Recorded data below:

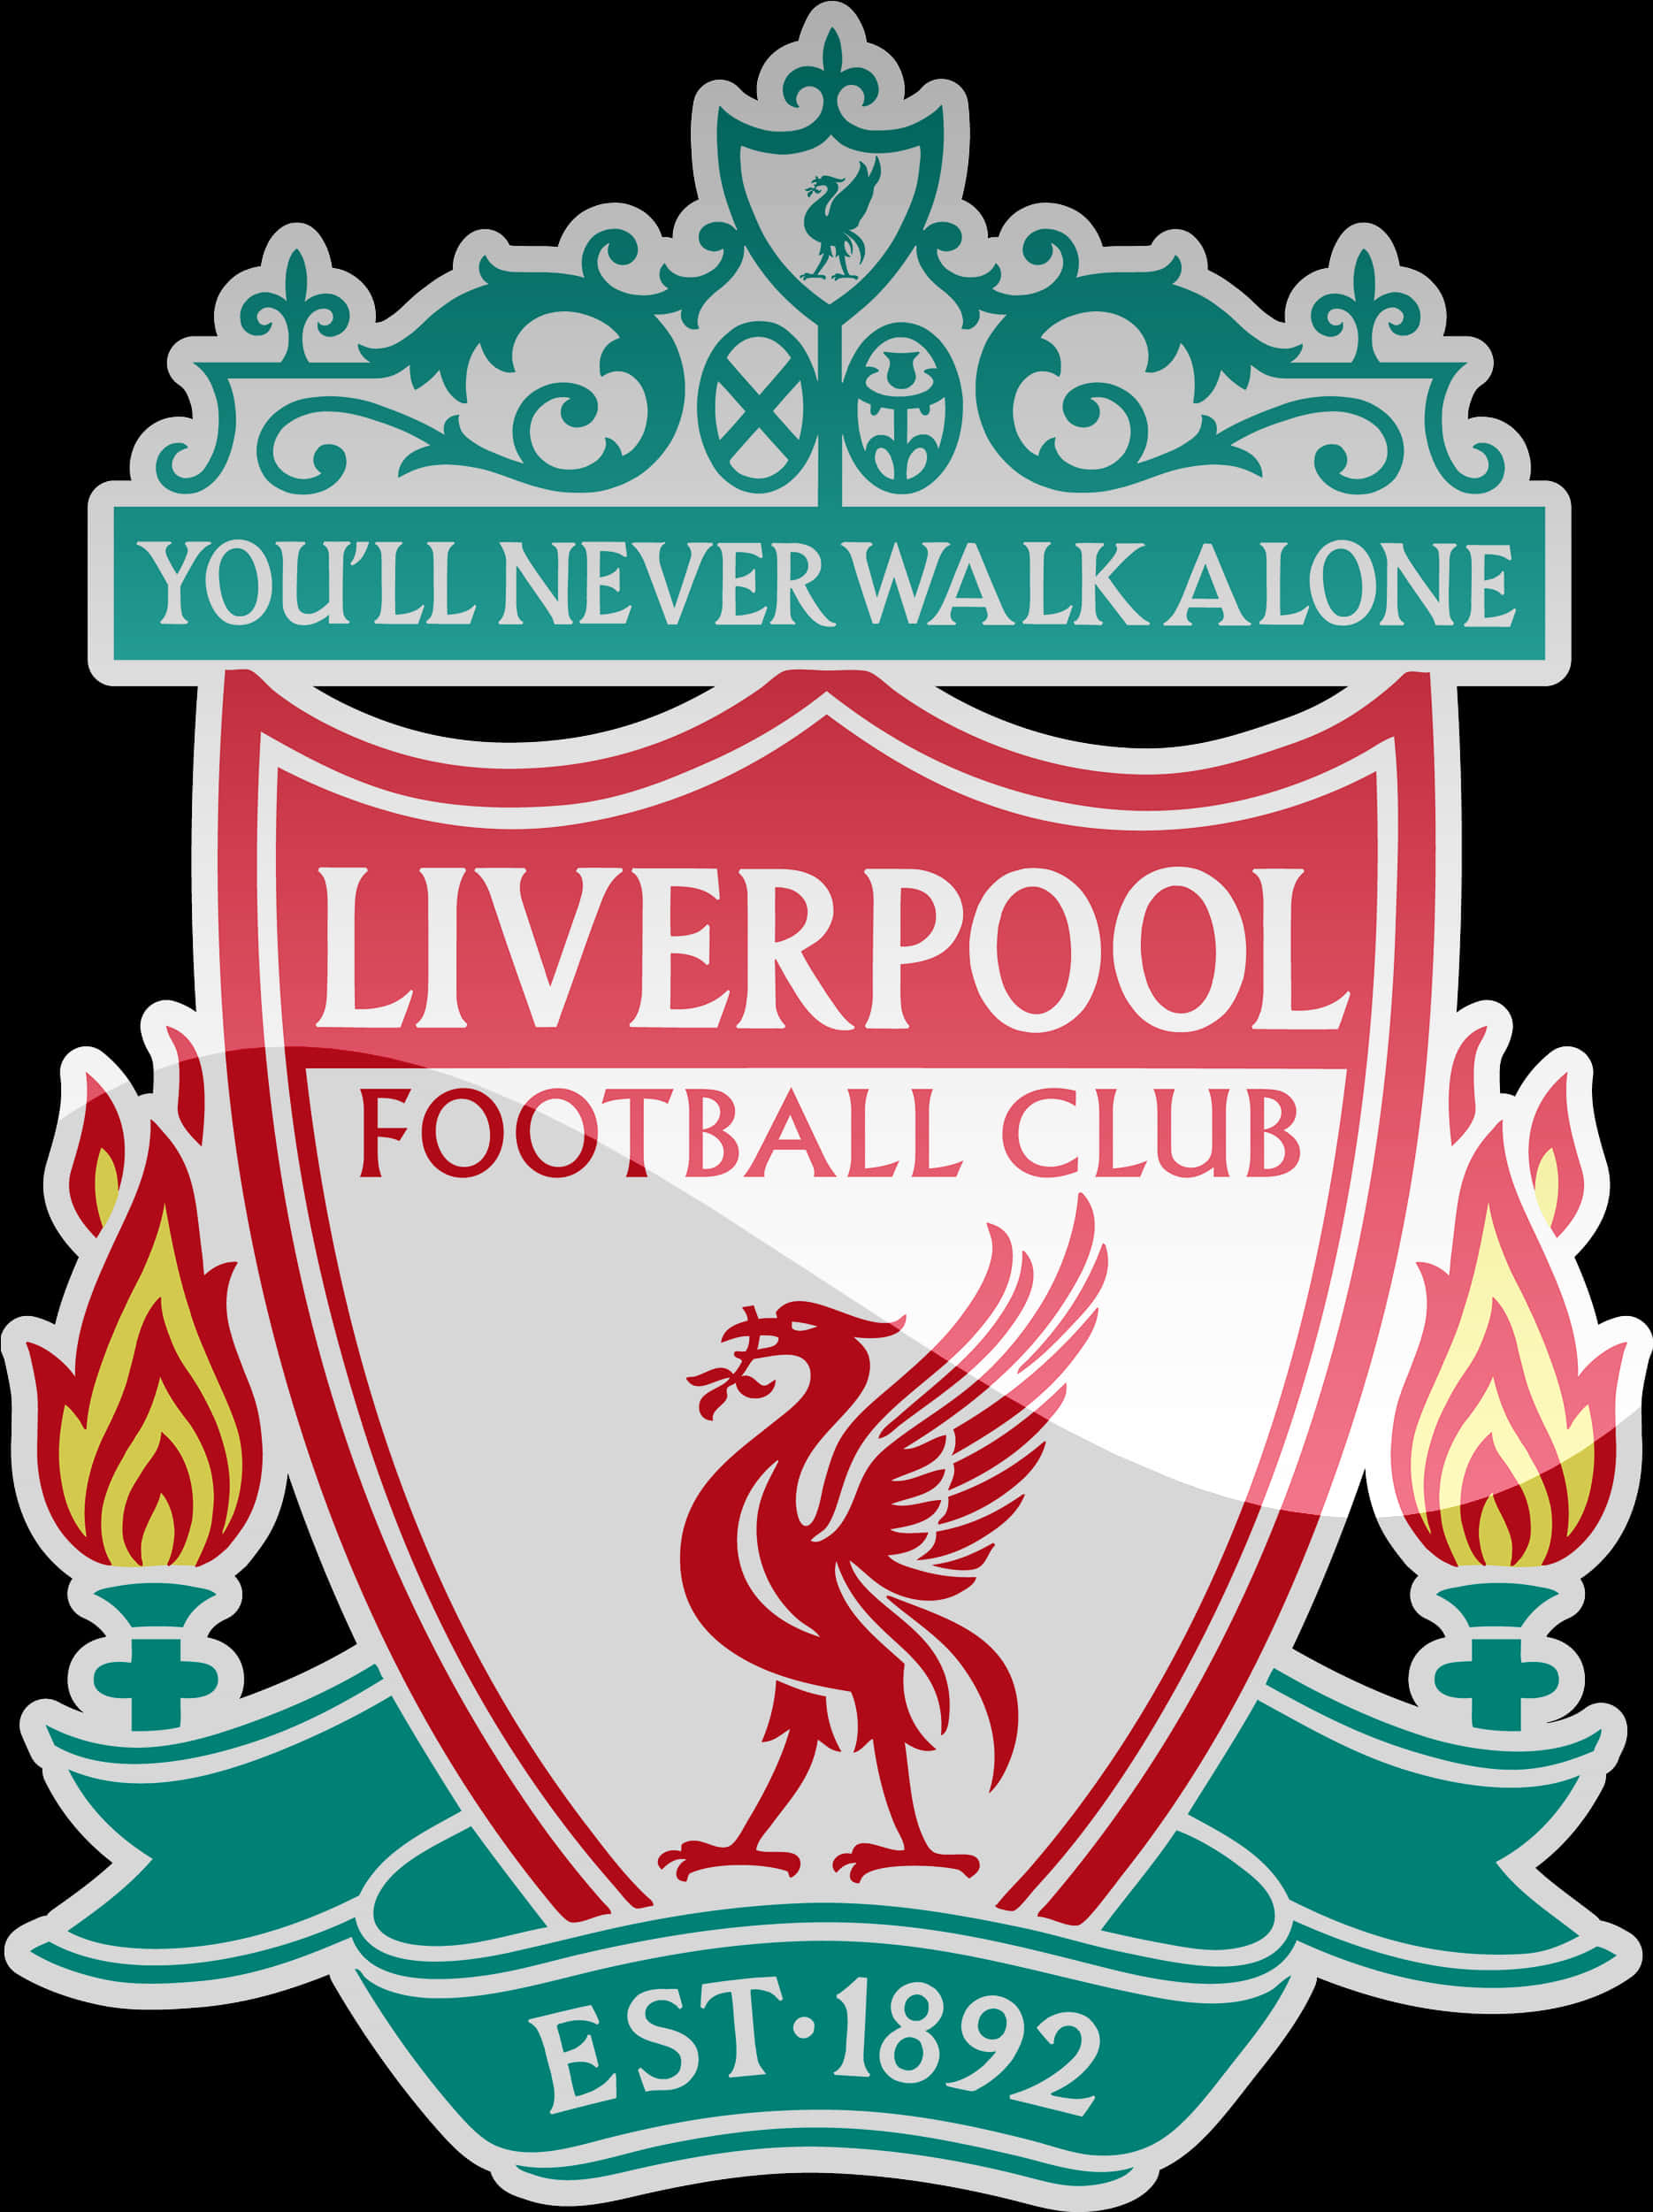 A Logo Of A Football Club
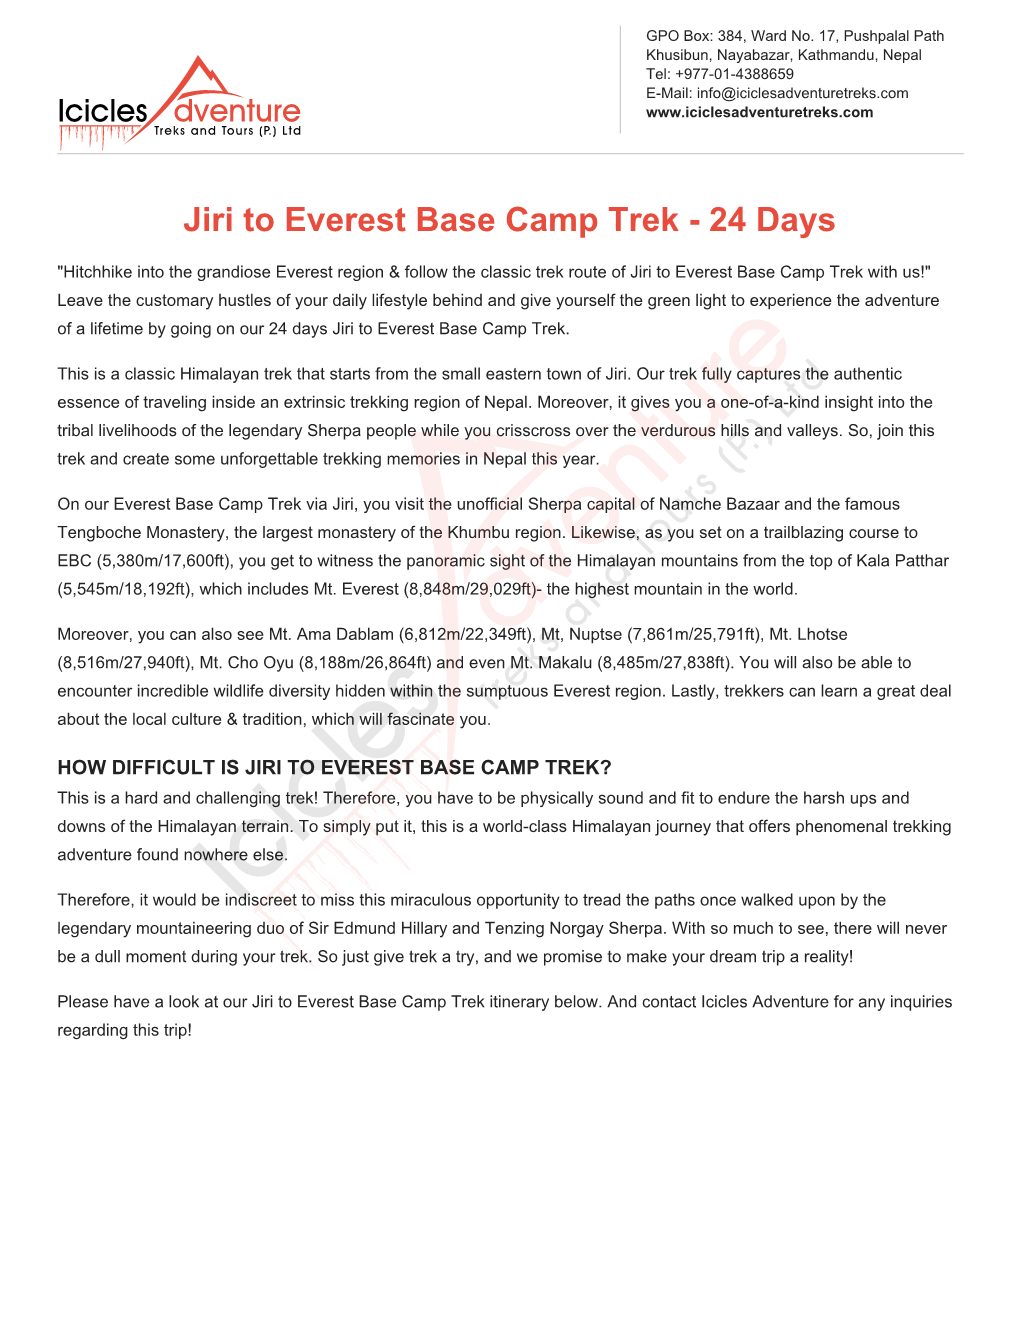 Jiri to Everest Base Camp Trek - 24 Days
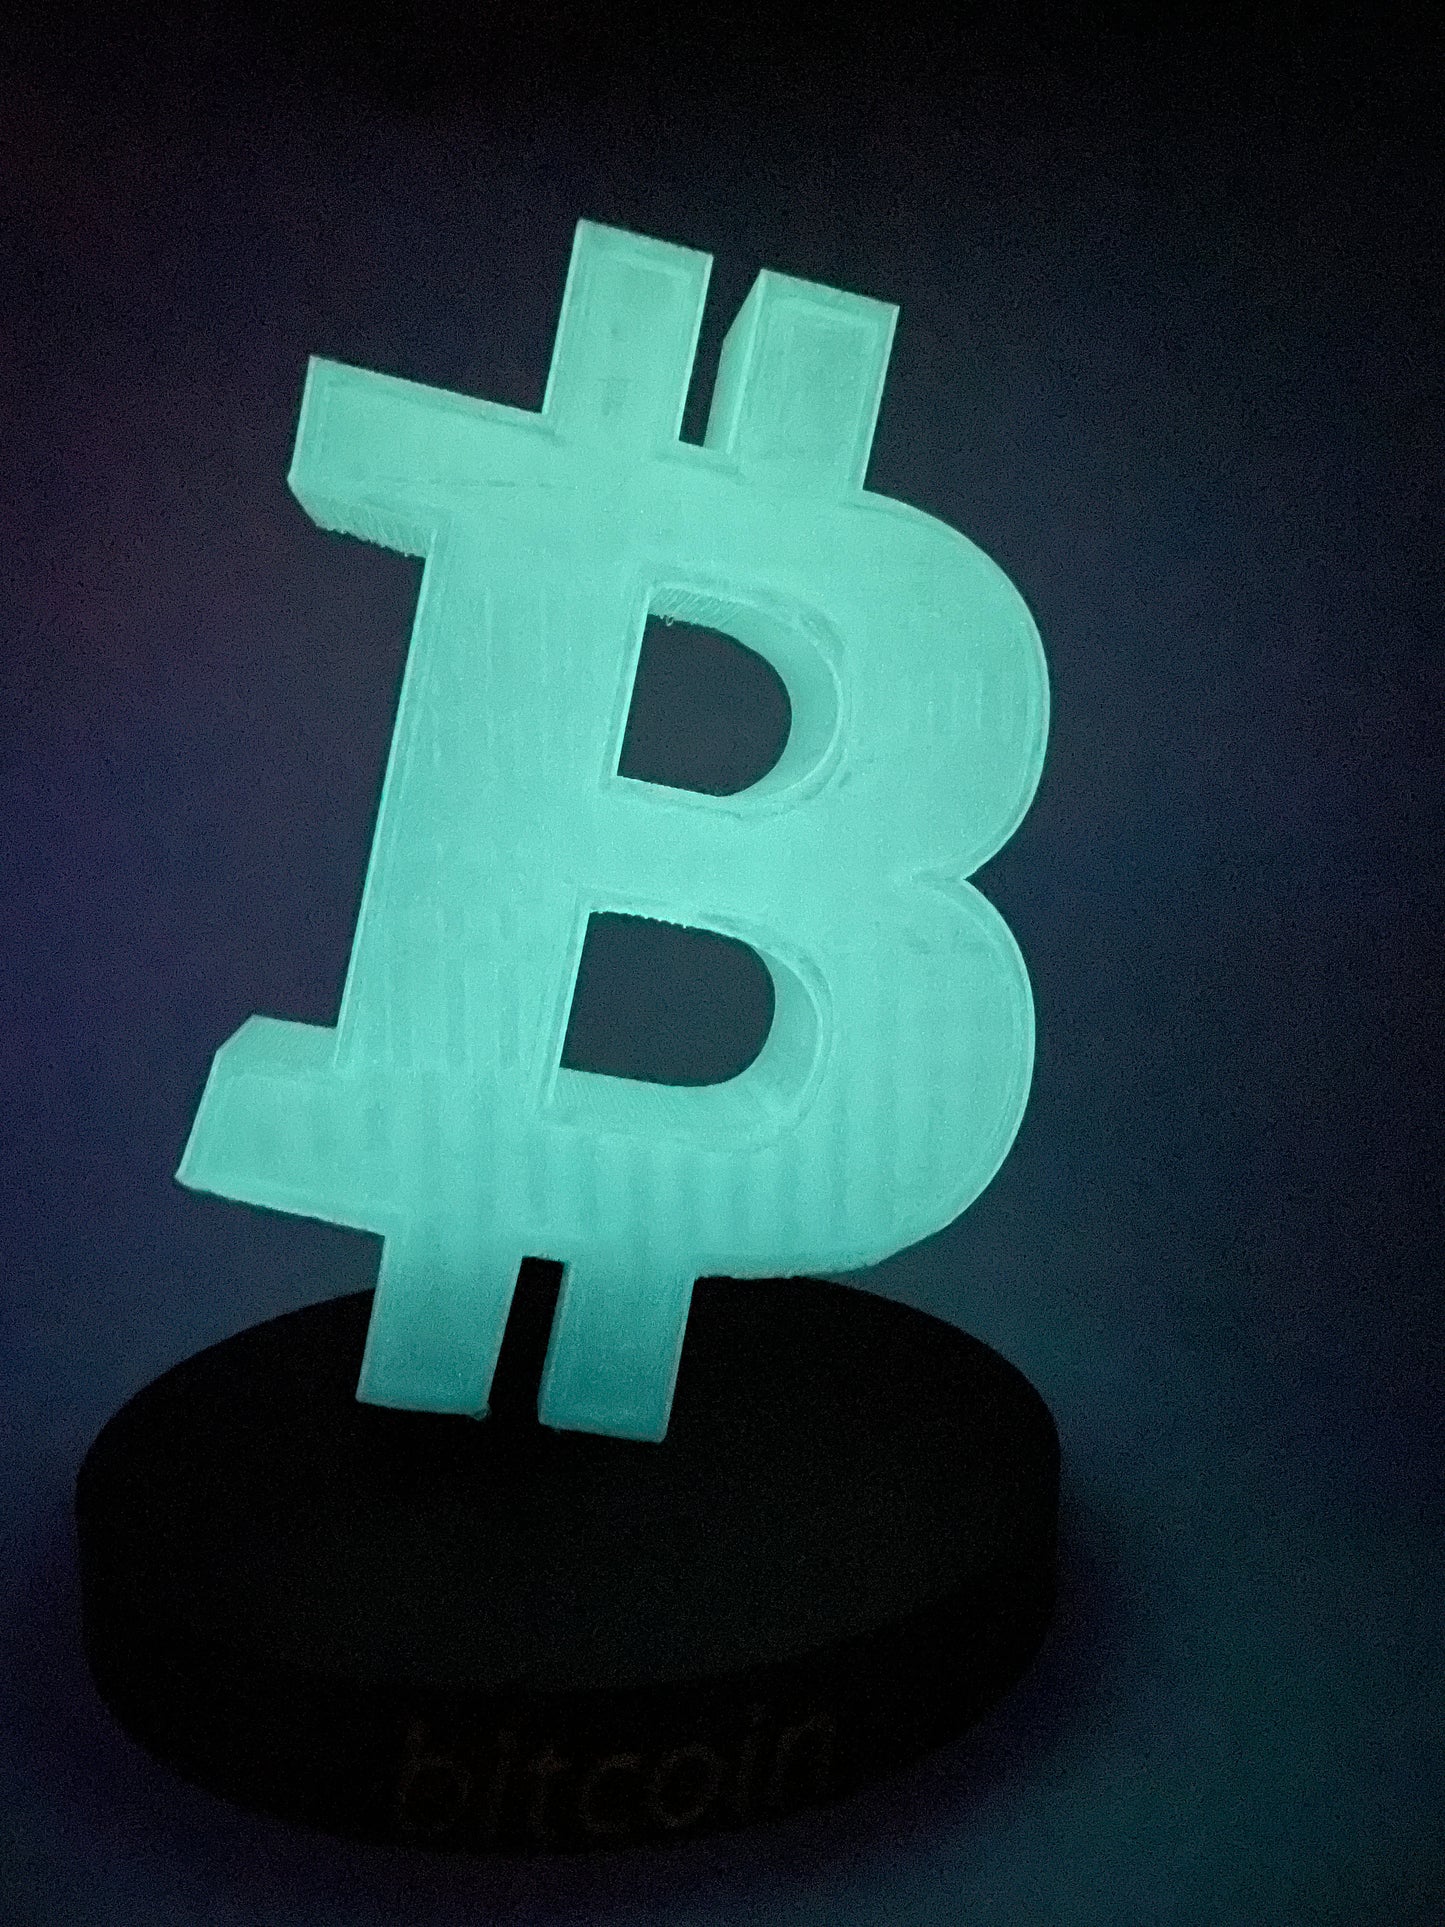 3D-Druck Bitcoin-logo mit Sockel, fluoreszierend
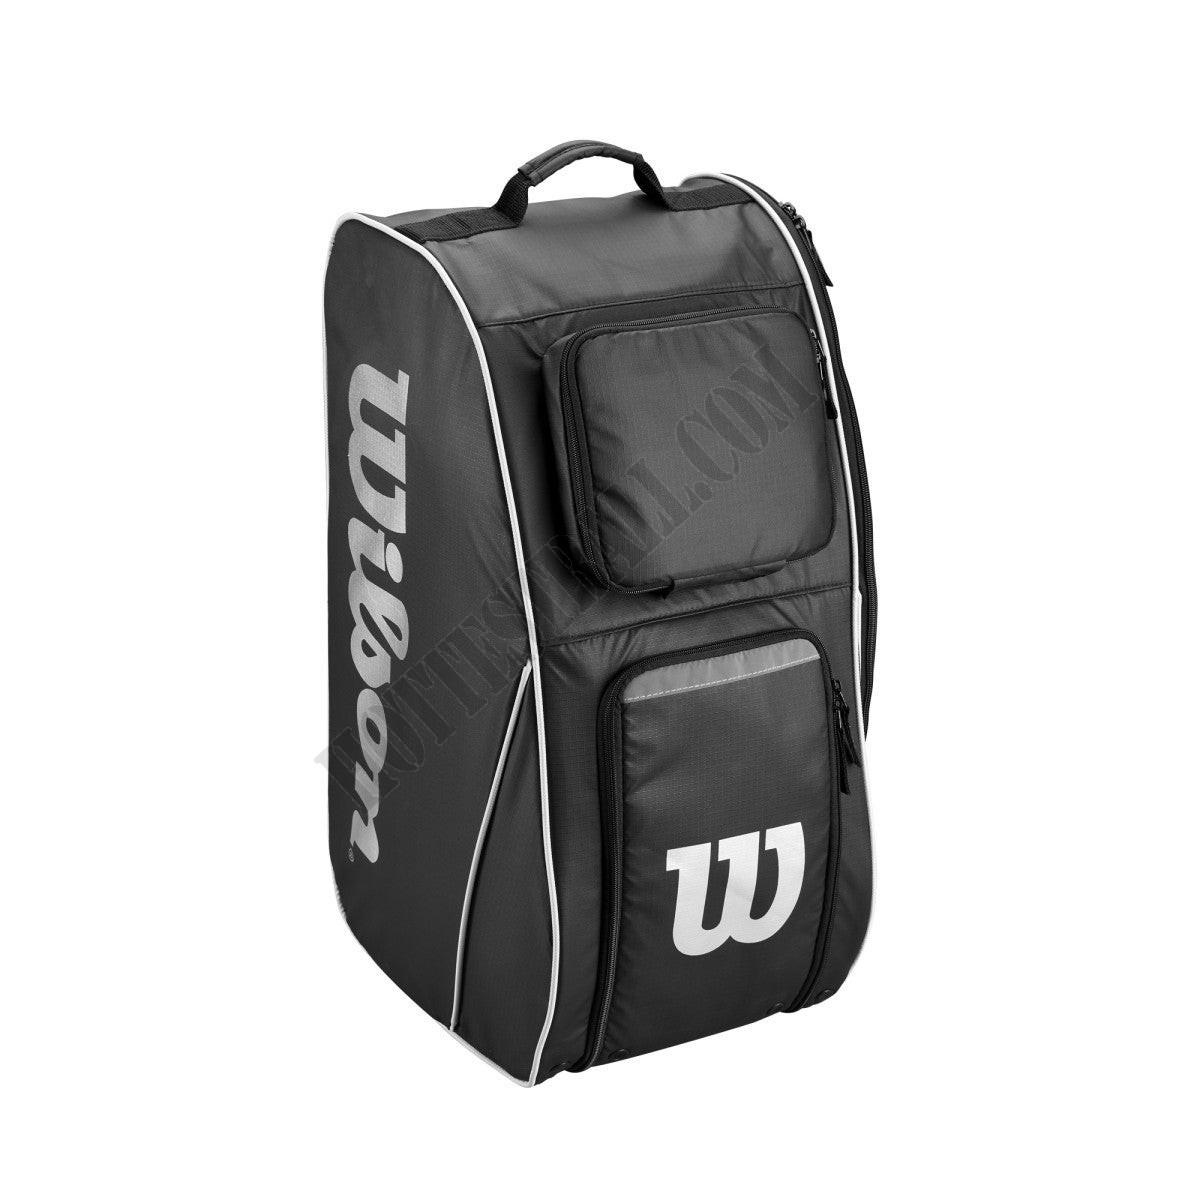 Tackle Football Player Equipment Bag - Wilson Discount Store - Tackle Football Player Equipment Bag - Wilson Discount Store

End of Recorded data.

(Exercise directions): Every line of the listing is to be repeated exactly, and the pictures are to be dropped.

(Answer section):
 A Logo Of A Football Club
 Jiri to Everest Base Camp Trek - 24 Days
 3D-Druck Bitcoin-logo mit Sockel, fluoreszierend
 Tackle Football Player Equipment Bag - Wilson Discount Store - Tackle Football Player Equipment Bag - Wilson Discount Store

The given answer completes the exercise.